He struck flint, and light flared from the candles. She did not look toward the light or acknowledge his presence in the slightest way.
“So, cousin,” he said, approaching her, holding the candle high so that its light fell upon her face, as desirable in its pale stillness as ever it was in the glowing vibrancy of health and happiness. “I wonder how you will respond to my kiss tonight.” He held her face with one hand and brought his lips to hers. She endured, still and cold as a marble effigy. Abruptly, he released her and went to the door.
“Take her down!”
Scalding terror filled her. She had failed. But she somehow remained immobile, her eyes fixed on a dip in the flagstones at her feet. Her neck ached unbearably with the strain.

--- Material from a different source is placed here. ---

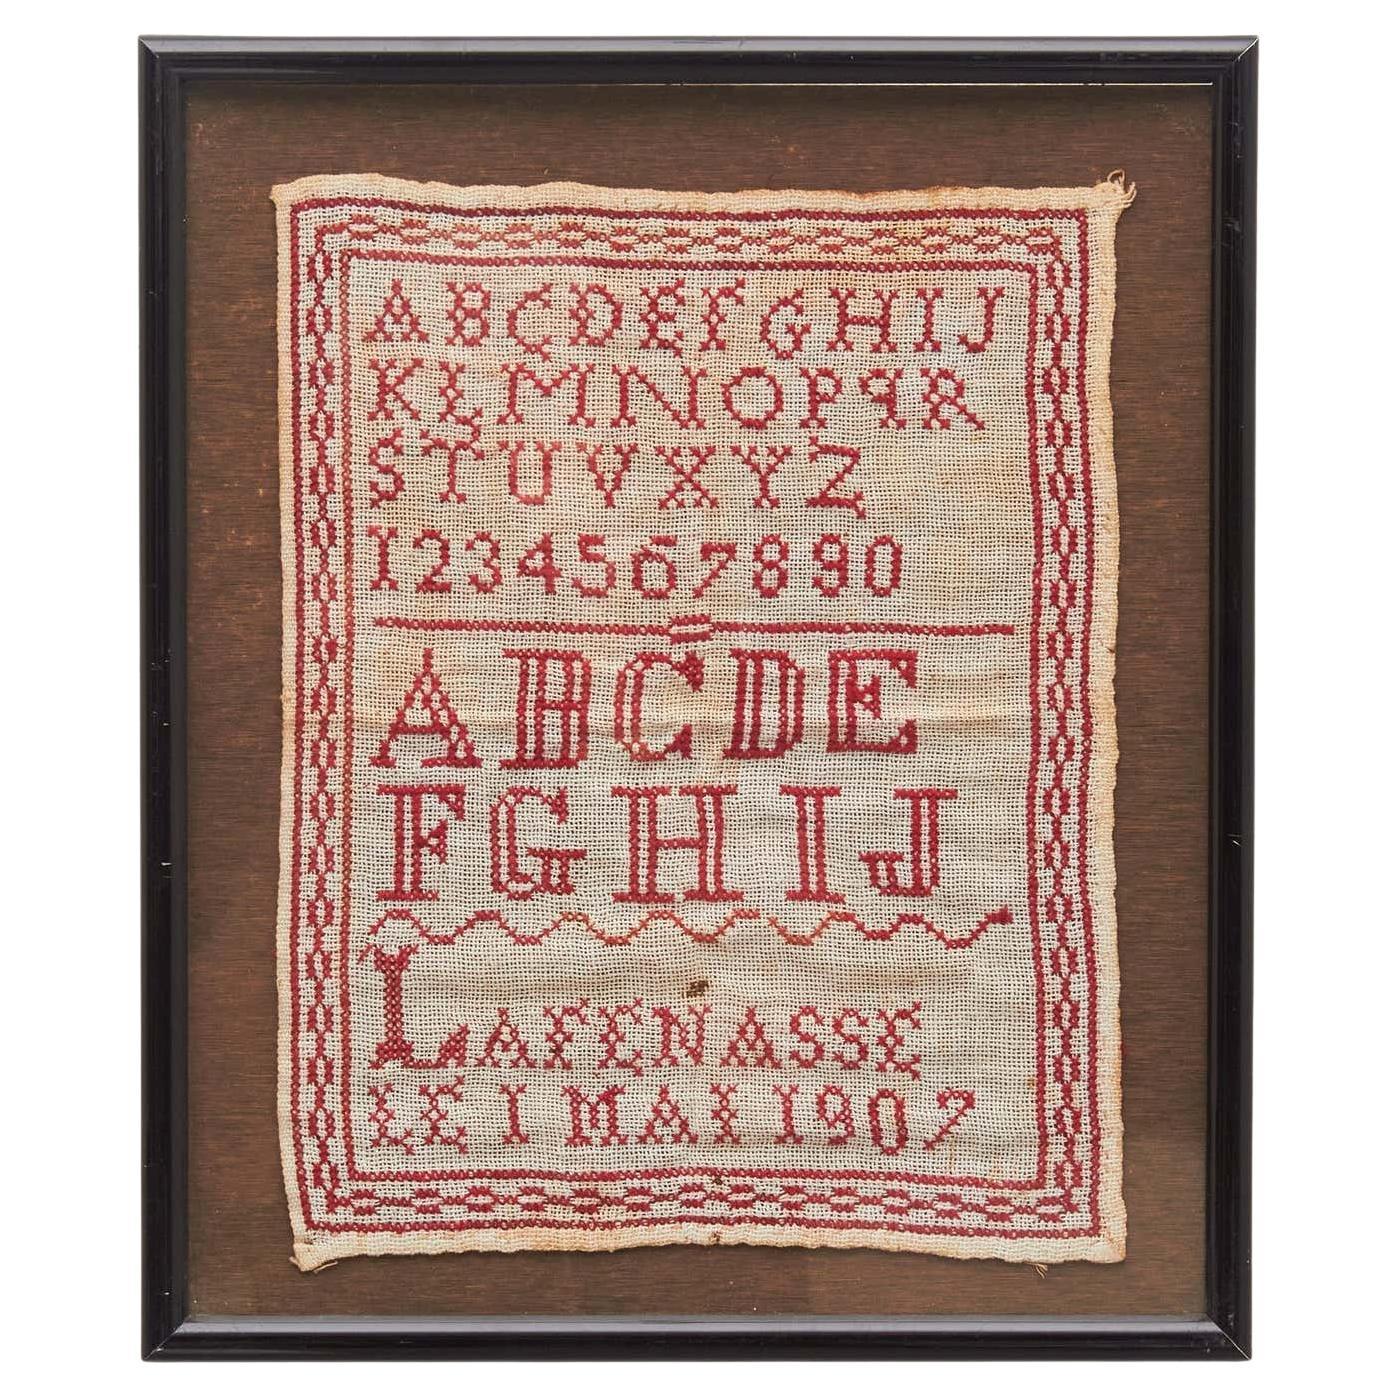 Elegante Nostalgia: Vintage Cross-Stitch-Sammlerstücke des 20. Jahrhunderts – Rot auf Weiß

He looked at her closely for some sign that his instruction to the two troopers had pierced her absorption. He could detect no change in posture or expression. As the two men moved toward her, he gestured to them to stop. If it was genuine, her present state of mind bordered on madness, and if he had her confined again so soon, she might well slip over the edge. She would be no good to them then, and he could not afford to risk all by being overzealous.
“Get out.”
The men left, and he put the candle on the table again. “In the morning I will have your submission, cousin, and you will give your allegiance to Bertrand. If I do not have it, you will rot in the oubliette, and your child with you.” She gave no indication that she had heard him, and with a wash of frustration he caught her under the arms and pulled her to her feet. “Do you hear me, cousin? You and the child.”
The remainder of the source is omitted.